Más de 30 años después de la caída de la URSS, la Revolución cubana gira hacia el libre mercado para escapar a la presión de Trump

Aprobó 176 medidas que eliminan la planificación central y reducen el rol del Estado. Pero nadie habla de una apertura política.

Más de 30 años después de la caída de la URSS, la Revolución cubana gira hacia el libre mercado para escapar a la presión de Trump
Foto: TN

La Revolución cubana, bajo el peso de una asfixiante presión de Donald Trump, inició un proceso de reformas económicas de sesgo capitalista que buscan emular el modelo Vietnam y aplacar una insostenible y creciente tensión social que puso a la isla al borde del colapso.

El plan demoró 30 años en gestarse. La duda es si el presidente estadounidense se dará por safisfecho con el nuevo rumbo económico sin una apertura política o sin un jugoso premio personal y una ganancia sustancial para los negocios de su país como sucedió en Venezuela.

Cuba no tiene otra opción que emprender reformas económicas y políticas inmediatas, sentenció en una reunión en la OEA celebrada esta semana el subsecretario de Estado estadounidense, Christopher Landau.

Pero nadie en La Habana habla de apertura política. Solo de enterrar los últimos vestigios de comunismo para adherir a lo que se conoce como una economía socialista de mercado como la de Vietnam o China.

El plan es muy importante, aunque le faltan partes. Al menos que se hayan aprobado 176 medidas y que casi todas van hacia una desestatización, hacia una eliminación de la planificación central y que muchas hablan textualmente de que vamos hacia el mercado, a mí me parece importante", dijo a TN el economista Omar Everleny Pérez, exdirector del Centro de Estudios de la Economia Cubana.

Tres décadas después

Los primeros esbozos de reajustes liberales fueron puestos sobre la mesa del entonces presidente Fidel Castro a comienzos de los años 90, después de la desintegración de la antigua Unión Soviética. El viejo líder, fallecido en 2016, se refugió en lo que llamó resistencia y rechazó una apertura económica liberal. La isla se derrumbó.

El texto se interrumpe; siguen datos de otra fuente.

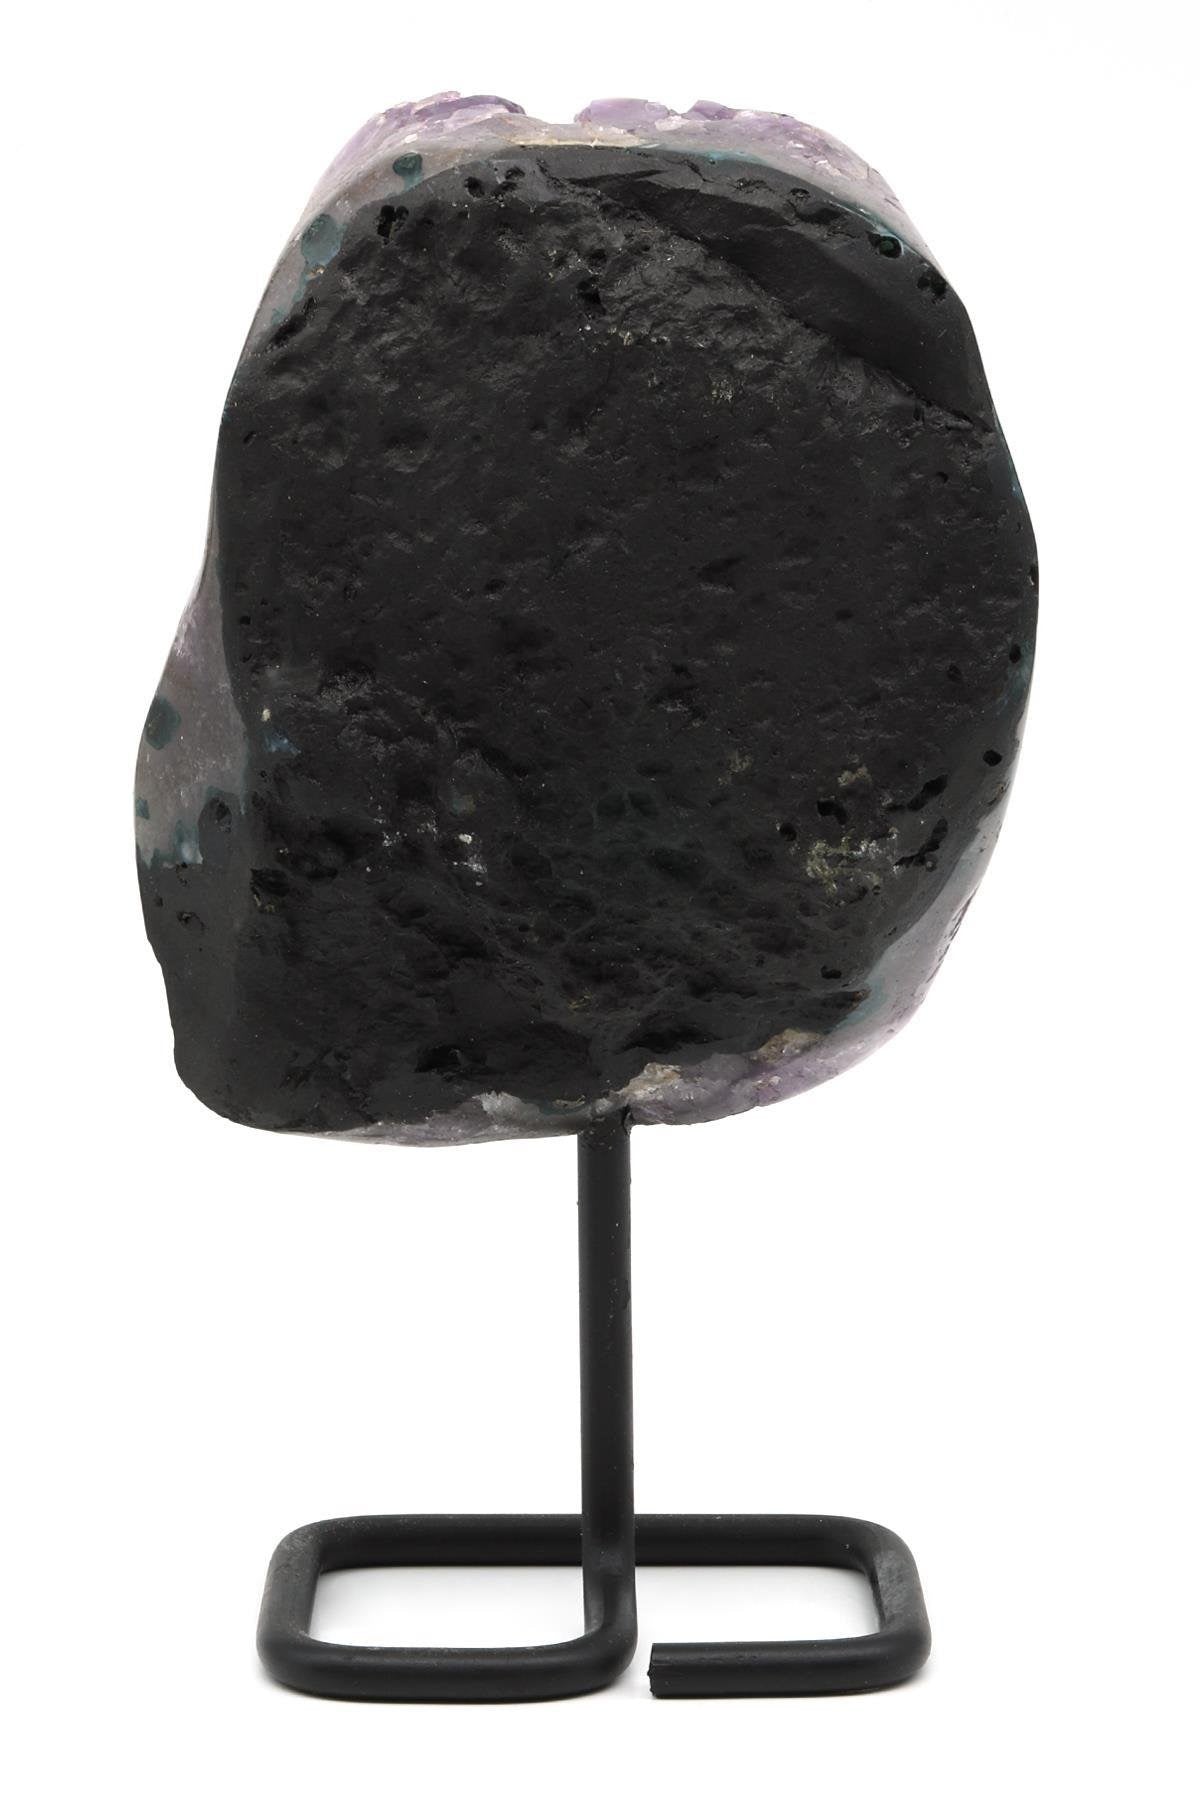 Brazilian Amethyst Geode on Metal Stand
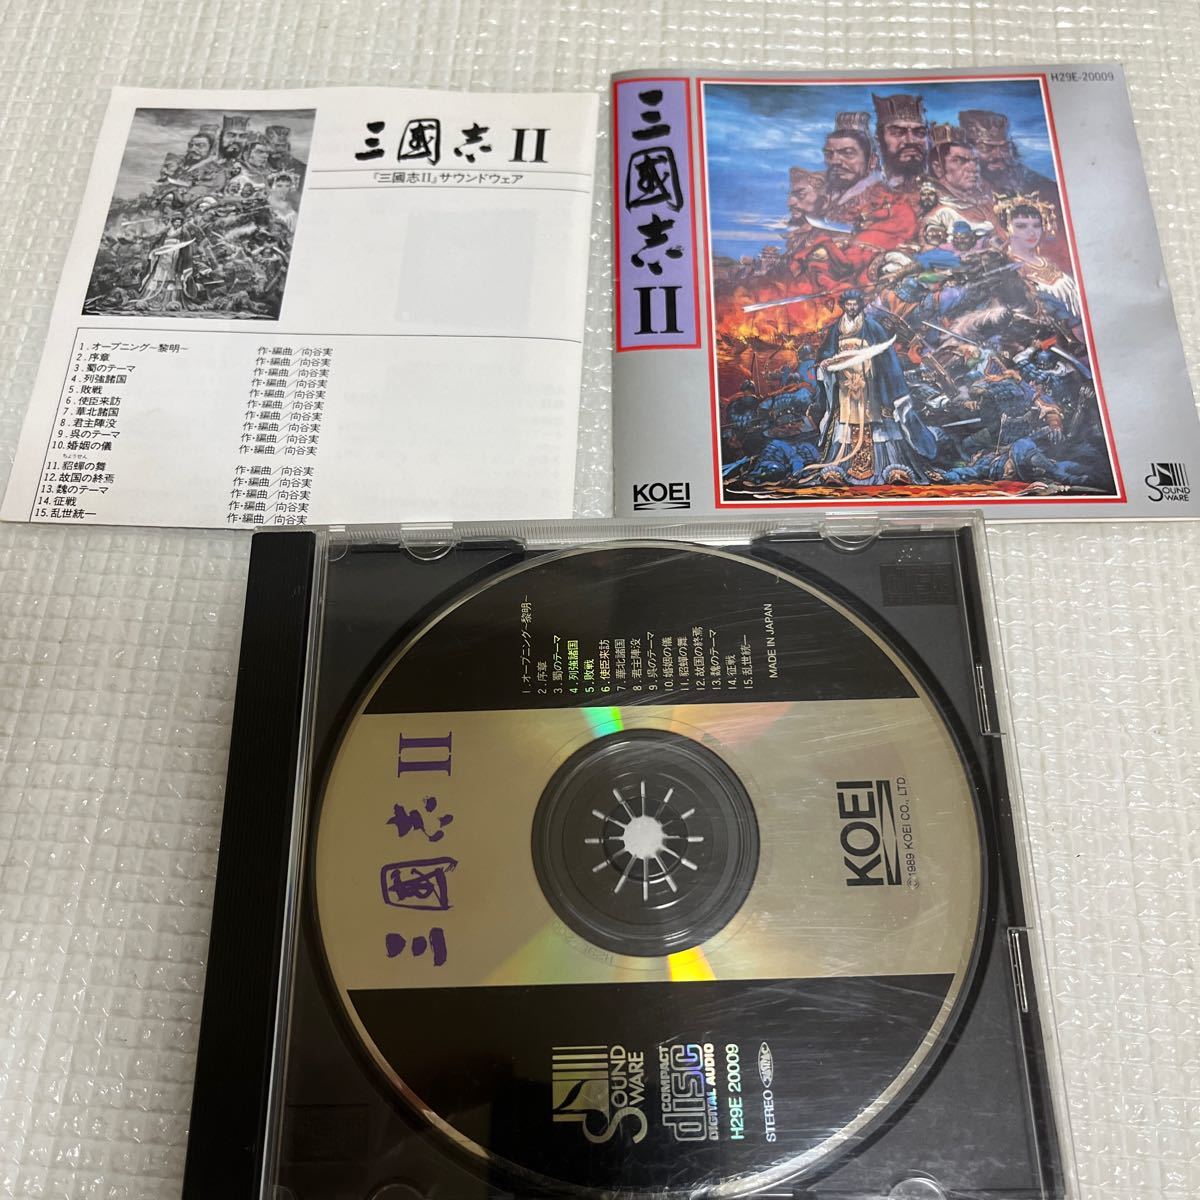 【CD】三國志Ⅱ 【H29E-20009】向谷実 ゲームミュージック サントラ KOEI_画像1

Poco y nada cambió desde entonces. Las reformas, a cuentagotas y con fuertes trabas burocráticas e ideológicas, sufrieron idas y vueltas. Mientras Vietnam avanzaba a un sistema de apertura comercial y libre mercado con fuerte control político unipartidista, Cuba se aferró a su viejo modelo.

El resultado es conocido: una economía derruída por errores propios, corrupción y un embargo estadounidense vigente desde 1961 y que Trump agravó con un bloqueo petrolero total que dejó a la isla sin combustible, sin transporte, sin luz y con su industria y el turismo paralizados. Hoy Cuba está a un paso de un estallido social.

Varias medidas lucen inéditas y hasta sorprendentes si se tiene en cuenta el histórico rechazo de la nomenklatura cubana a cualquier reforma económica.

Entre otras, las medidas incluyen:

- La aprobación de la banca privada bajo supervisión del Banco Central.

- El establecimiento de instituciones financieras no bancarias o no financieras de capital privado (nacional o extranjero) para microcréditos.

- La eliminación de las restricciones a los pagos en divisas entre negocios con capital extranjero y sus proveedores nacionales.

- La apertura de cuentas en divisas por parte de personas jurídicas y naturales, sin autorización administrativa previa.

- La autorización a los cubanos residentes en el exterior a que inviertan directamente en la isla en igualdad de condiciones con el capital extranjero y las empresas estatales.

- La eliminación de las trabas burocráticas comerciales.

- La extensión del límite del otorgamiento de derechos de superficie hasta 99 años y de derechos de usufructo por más de 50 años para la inversión extranjera.

- El permiso de inversión extranjera en La Habana Vieja y otras zonas patrimoniales.

- La eliminación del uso obligatorio de entidades empleadoras para seleccionar y contratar al personal.

- La autorización de todas las solicitudes pendientes de emprendimientos privados.

- Permitir a las empresas privadas superar el límite actual de 100 trabajadores.

- Autorizar a que una persona natural pueda ser titular de más de una empresa privada.

- La creación de mipymes (pequeñas y medianas empresas) en la agricultura. Hasta ahora solo podían operar cooperativas.

- La entrada de nuevos inversores en el turismo bajo nuevas modalidades de negocio y la expansión internacional de franquicias cubanas.

- La posibilidad de desarrollar negocios de naturaleza inmobiliaria en La Habana y otras zonas vinculadas a este sector.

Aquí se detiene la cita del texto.